I don't think anyone would argue with this  But I didn't think it was that clear earlier in our conversation. For an otherwise healthy person that has a headache once in a while, there is no reason to suffer more than necessary if a couple of ibuprofen will help you. The over the counter, occasional use dose of any of these meds isn't going to hurt your kidneys. However what they are learning through researching some of this stuff is that people dont use them occasionally and dont use them in the doses recommended on the packaging and you definitely can do damage to your kidneys with high doses, frequent or continual doses, and taking it when you're dehydrated, or your kidneys are already stressed by other drugs or alcohol. I looked up the numbers at NEJM and it was people that combined similar drugs (ibuprofen and tylenol you cannot take together as they are processed the same pathway and easily leads to overdose) or people that just took really high doses for a really long time that were mostly harmed. One of the things that leads to confusion is how they reported the results by saying things like 5000 or more pills over their lifetime, makes it sound like each tiny pill is making you a little worse. but I still dont believe that was the intent of the information. I am not a doc though, so I may very well misunderstand the point.
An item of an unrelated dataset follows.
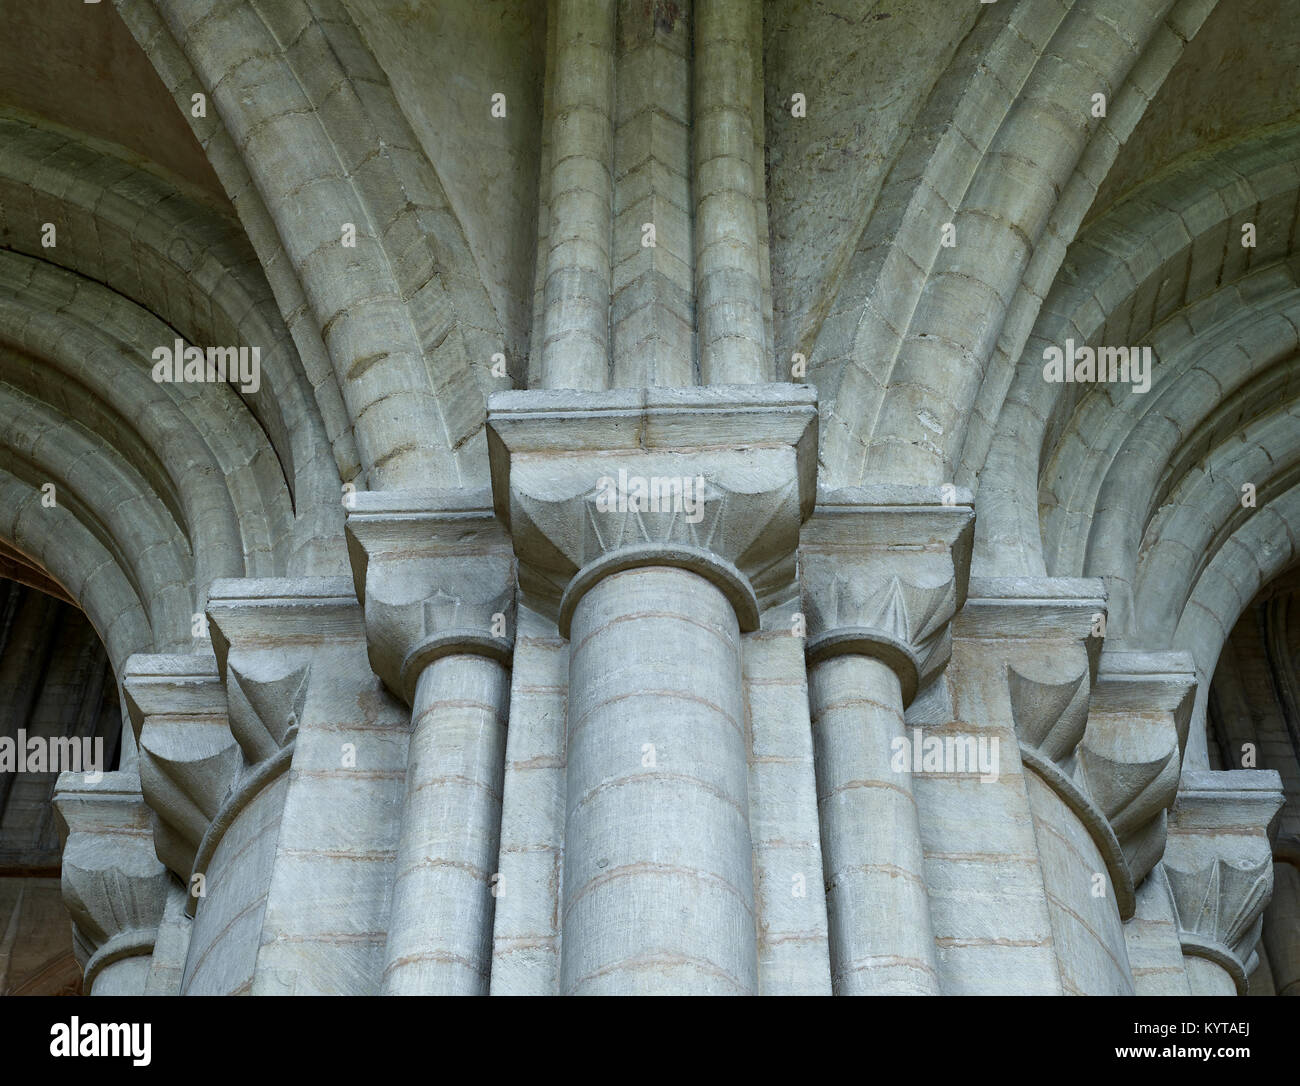 Die Kathedrale von Peterborough. Cluster von würfelkapitellen Unterstützung Federung Rippen um kirchenschiff Pier. spät Norman, 12. Jahrhundert. Stockfoto

If you're going to be on chronic high doses of these meds it had better be for a good reason and it had better be under doctors care and monitoring of your kidney function. If you just need a couple for a headache once in a while taking the dose as printed on the bottle is not going to whittle away at your kidney function. If it makes you feel better drink some extra fluids while you're doing it but as long as you're not actually dehydrated it wont cause you problems. Further it looks like acetaminophen is actually more toxic at higher doses than ibuprofen. So if you know that you have kidney issues and dont have stomach issues it might be better to take that. Also dont mix different kinds at the same time. I believe, but am not sure, that Alieve and Ibuprofen are processed by totally different methods and can be taken together, but I might be remembering that wrong so look it up if you really need to do that. It's easy to get confused about just what you're taking. Many over the counter meds are now huge combinations of drugs. Most often contain an NSAID as well as the other drugs. You can completely accidently triple your NSAID dose or worse if you're not careful. there are antihistamines with them already in it, decongestants with it already in it, cough medicine already in it, and then you also take a tylenol and your single dose for your cold actually has 4x the dose of NSAIDS!! This is I think where they are suggesting that people are going wrong and getting hurt. 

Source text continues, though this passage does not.